The International Monetary Fund predicts world growth jumping to 6% this year compared with a 3.3% contraction in 2020.

The increase is a result mainly of public spending to fight COVID-19 and its economic effects.

The fund said this is the fastest international growth rate since the 1970s. A positive outlook for the U.S. economy is another reason for the boost in its previous estimates.

The fund expects 6.4% growth for the U.S. economy this year - the fastest since the early 1980s. It earlier estimated U.S. growth at 5.1%.

Among advanced economies, the U.S. is expected to exceed its precoronavirus gross domestic product this year. Other advanced economies will return to pre-COVID levels in 2022.

China's gross domestic product forecast for 2021 was raised to 8.4%, up 0.3%, an increase mostly owing to external demand for its exports driven largely by U.S. stimulus spending. On the other hand, consumer spending in China remains weak. And, as in past years, China's growth is again primarily being driven by public investments. China recaptured all of its lost growth by the end of 2020.
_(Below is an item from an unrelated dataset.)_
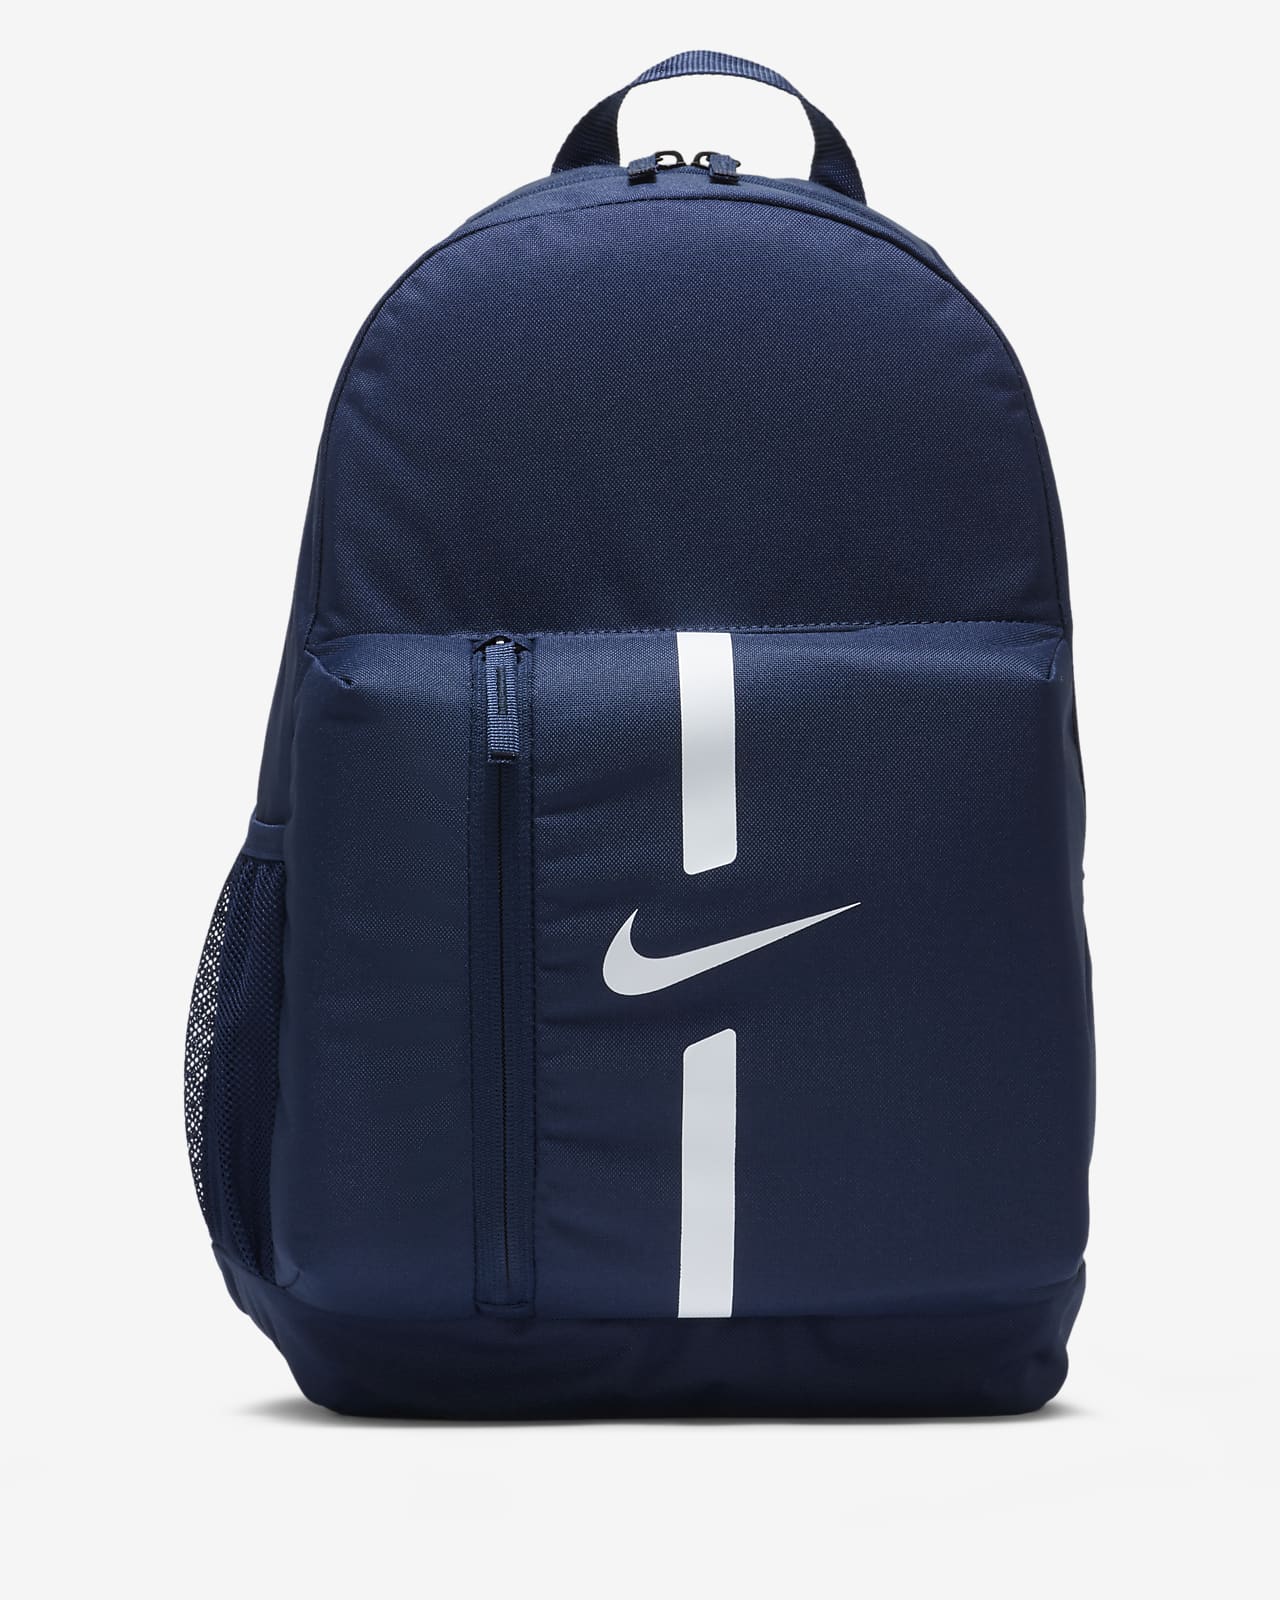 Nike Academy Team 兒童足球背包 (22 公升)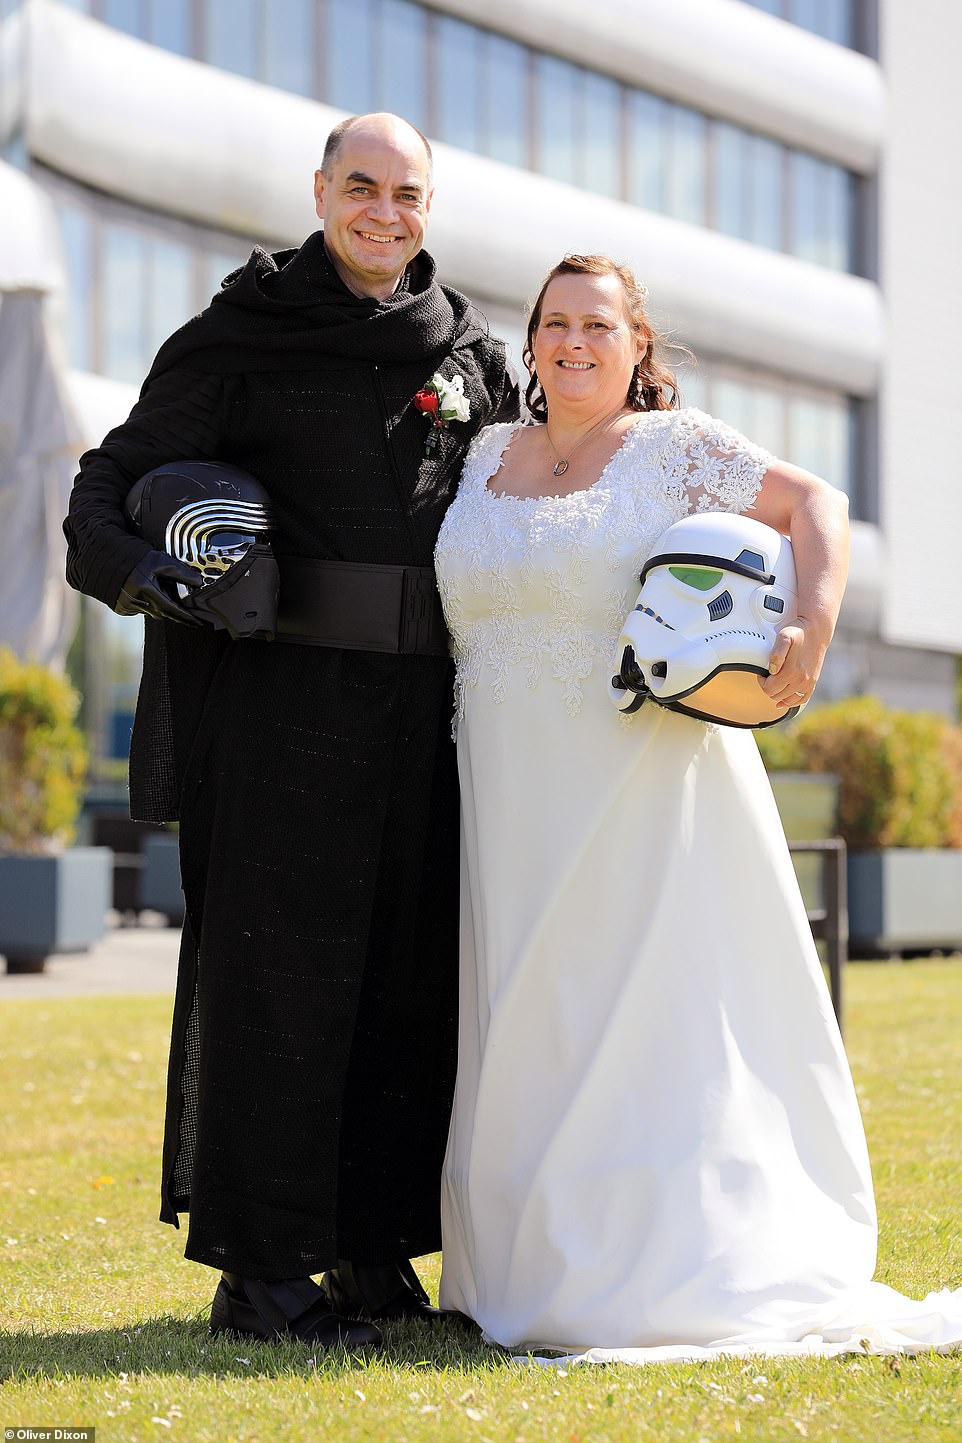 زوجان يرتدون ملابس لشخصيات خيالية من سلسلة أفلام حرب النجوم  (1)

Fund chief economist Gita Gopinath credited the improvement to increased economic support - including a massive $1.9 trillion U.S. aid package. "Even with high uncertainty about the path of this pandemic, a way out of this health economic crisis is increasingly visible," Gopinath said.

She said the pandemic was still far from defeated and cases continue to rise in many countries. "Recoveries are diverging dangerously across and within countries, as economies with slower vaccine rollout, more limited policy support and more reliance on tourism do less well," Gopinath said.

The fund's forecast for growth in emerging and developing economies is 6.7% for 2021, with India expected to expand by 12.5%.

"Income inequality will likely increase because young workers and those with relatively lower skills remain more heavily affected in not only advanced but also emerging markets and developing economies," Gopinath said.

Governments should continue to concentrate on "escaping the crisis" by providing economic support, including for their health care systems. Politicians will "need to limit long-term economic scarring" from the crisis and boost public investments.

"Without additional efforts to give all people a fair shot, cross-country gaps in living standards could widen significantly, and decadeslong trends of global poverty reduction could reverse," according to Gopinath.

The fund estimates world gross domestic product for 2022 will increase by 4.4% from an earlier estimate of 4.2%.